=== Your assignment ===
The listing that follows must be retyped exactly, without its pictures.

=== The data ===
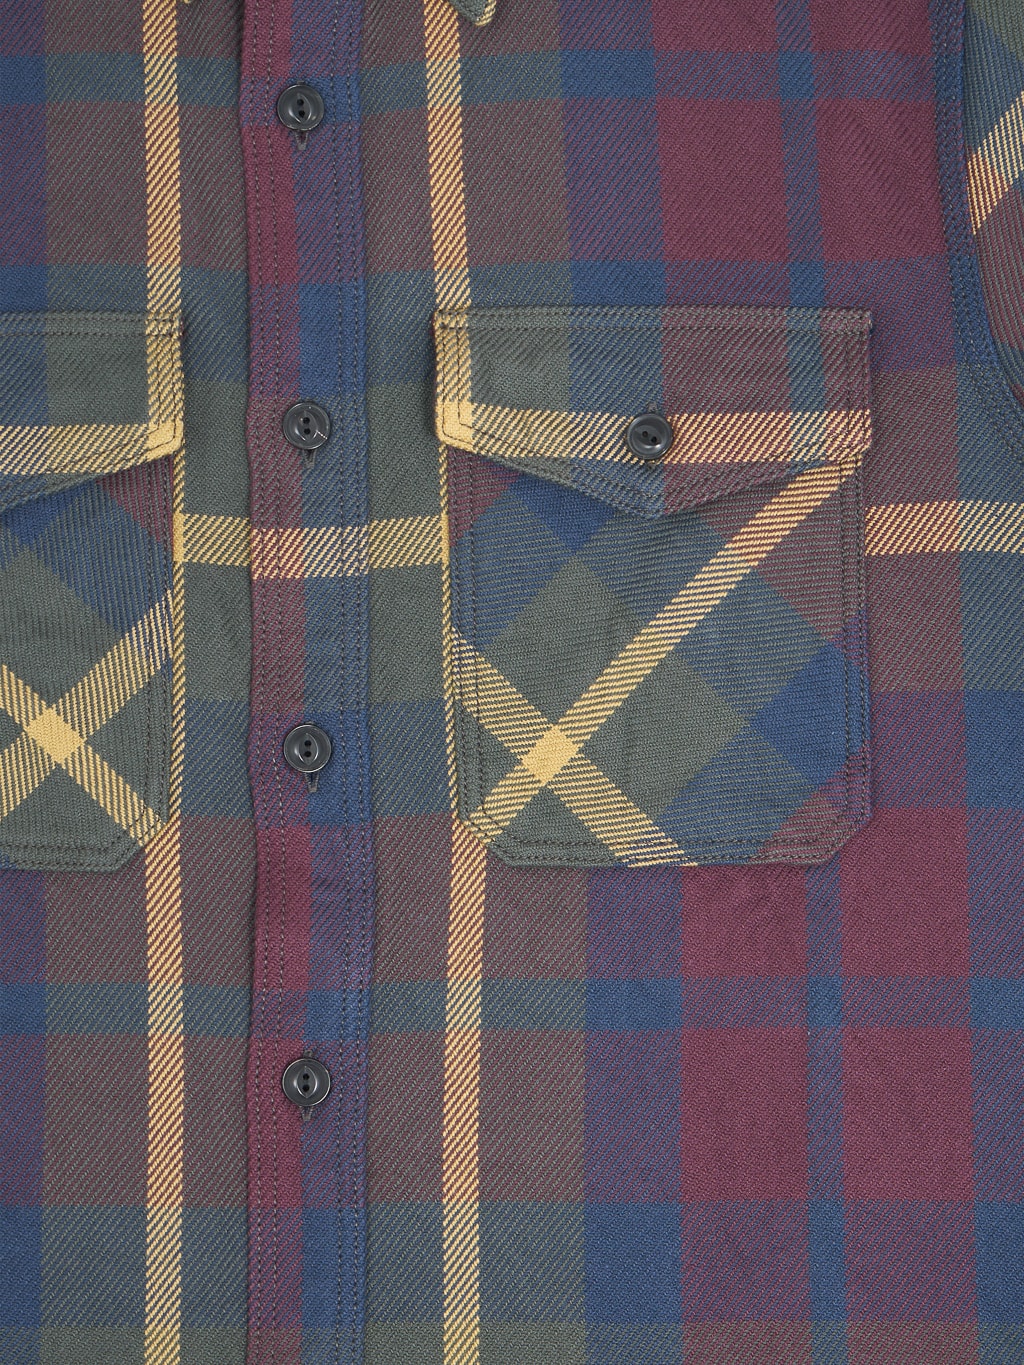 UES Extra Heavy Flannel Shirt wine pockets closeup
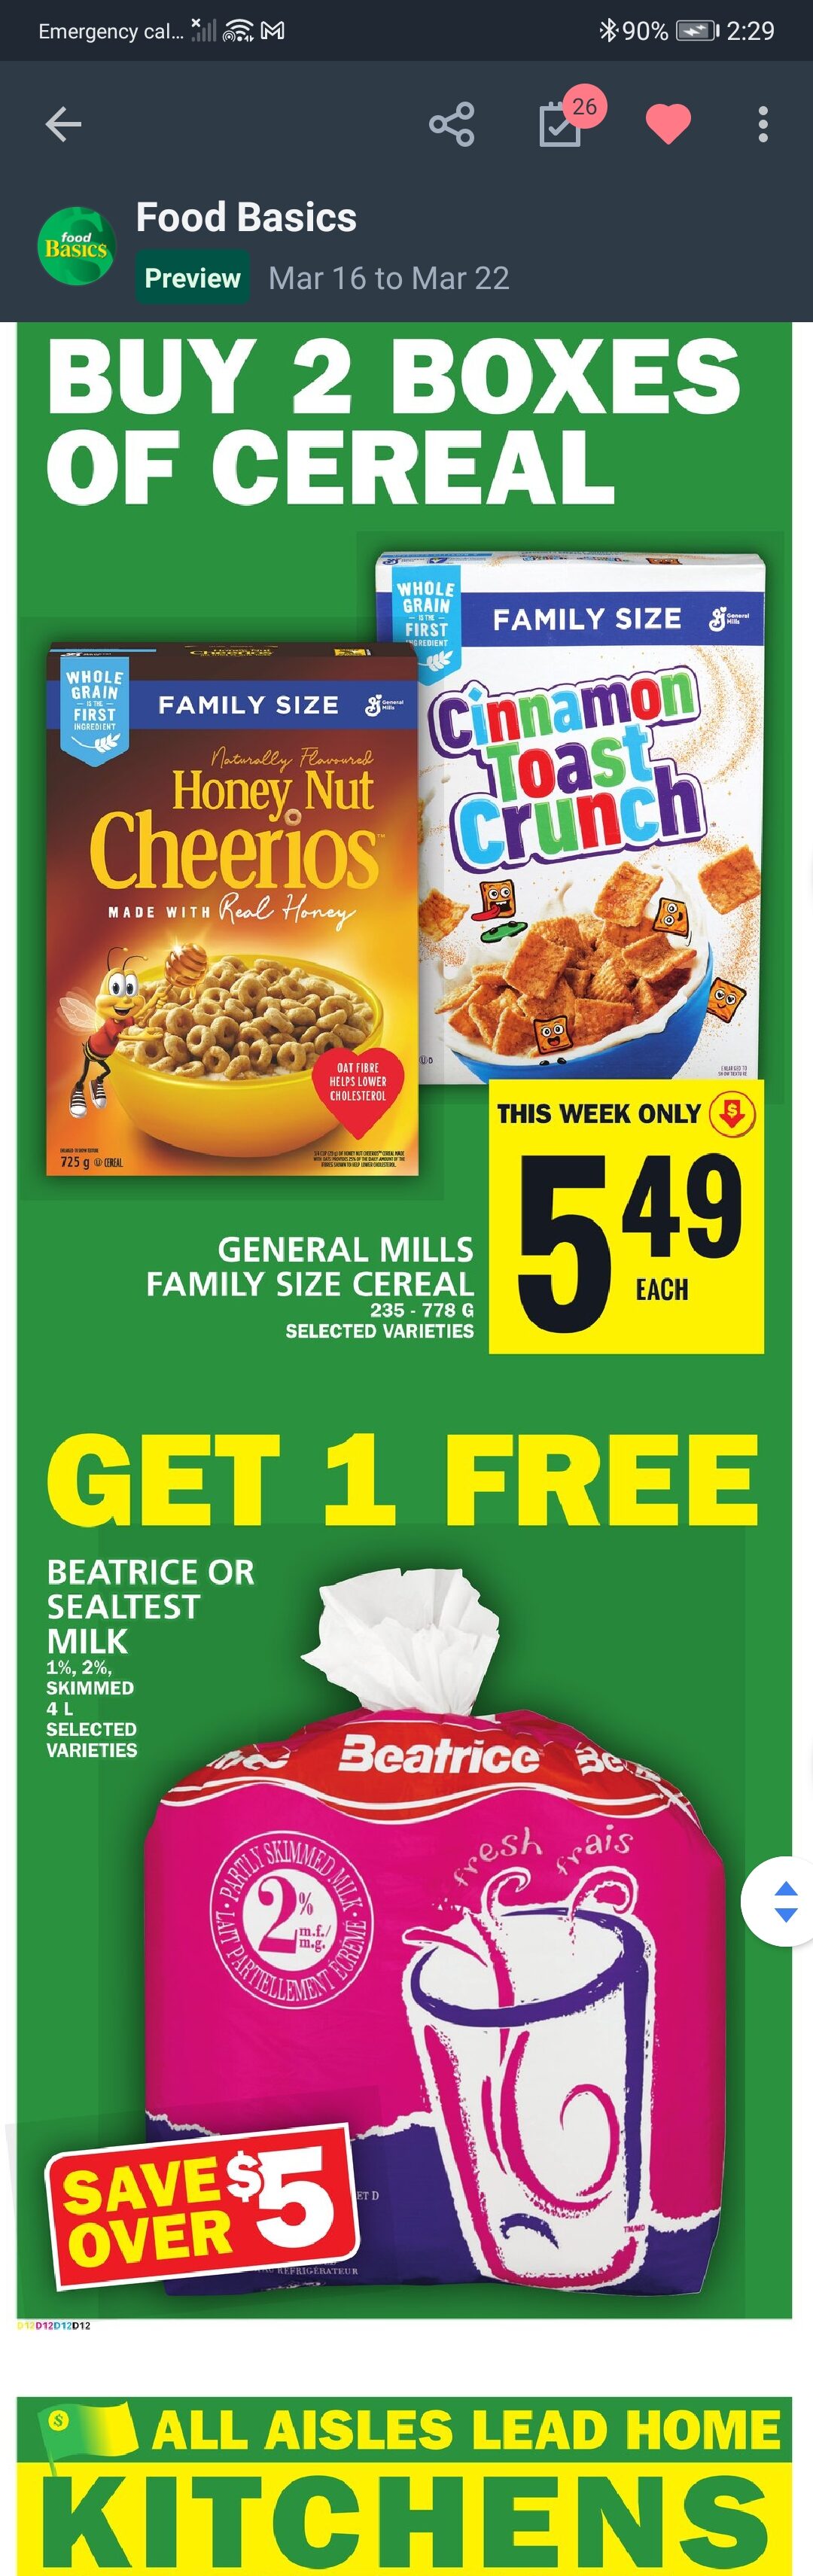 General Mill] Get A Free S'well Snack Bowl With The Purchase of
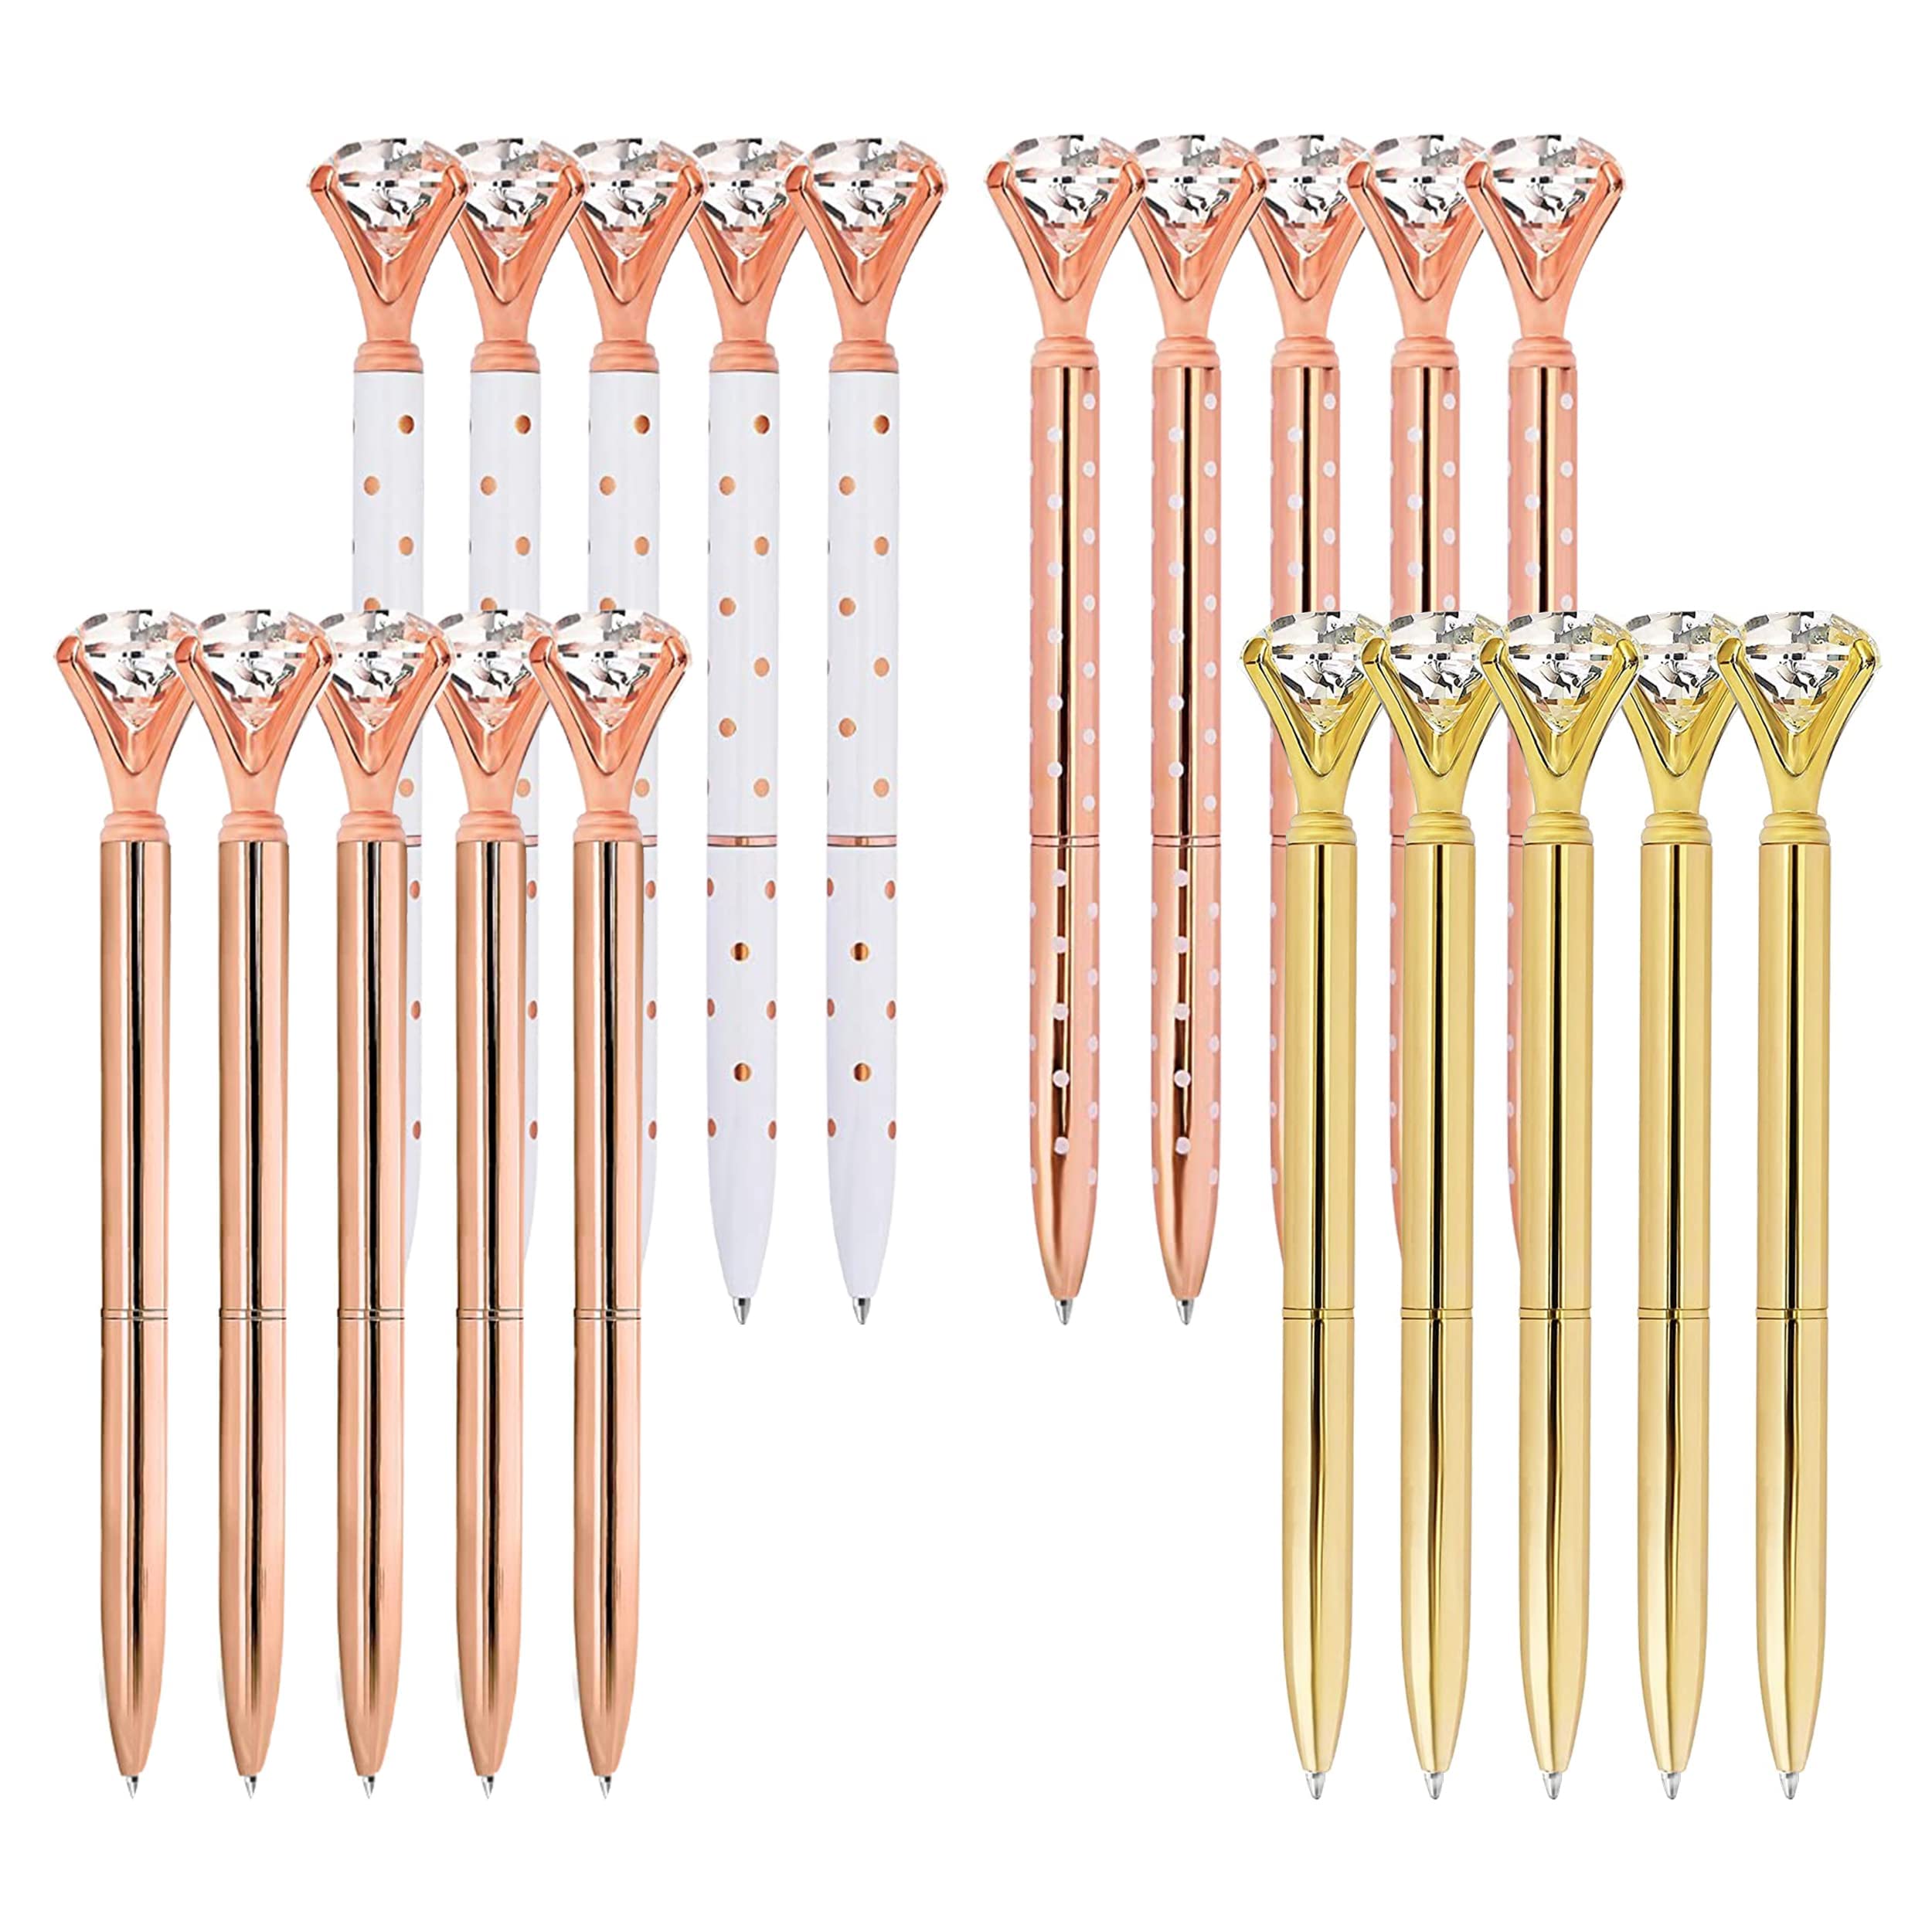 ETCBUYS Multi-Color Diamond Ballpoint Pen for Stylish Fancy Office Supplies- Pens-RGWRG 12PK

=== Output ===
 UES Extra Heavy Flannel Shirt wine pockets closeup
 General Mill] Get A Free S'well Snack Bowl With The Purchase of
 ETCBUYS Multi-Color Diamond Ballpoint Pen for Stylish Fancy Office Supplies- Pens-RGWRG 12PK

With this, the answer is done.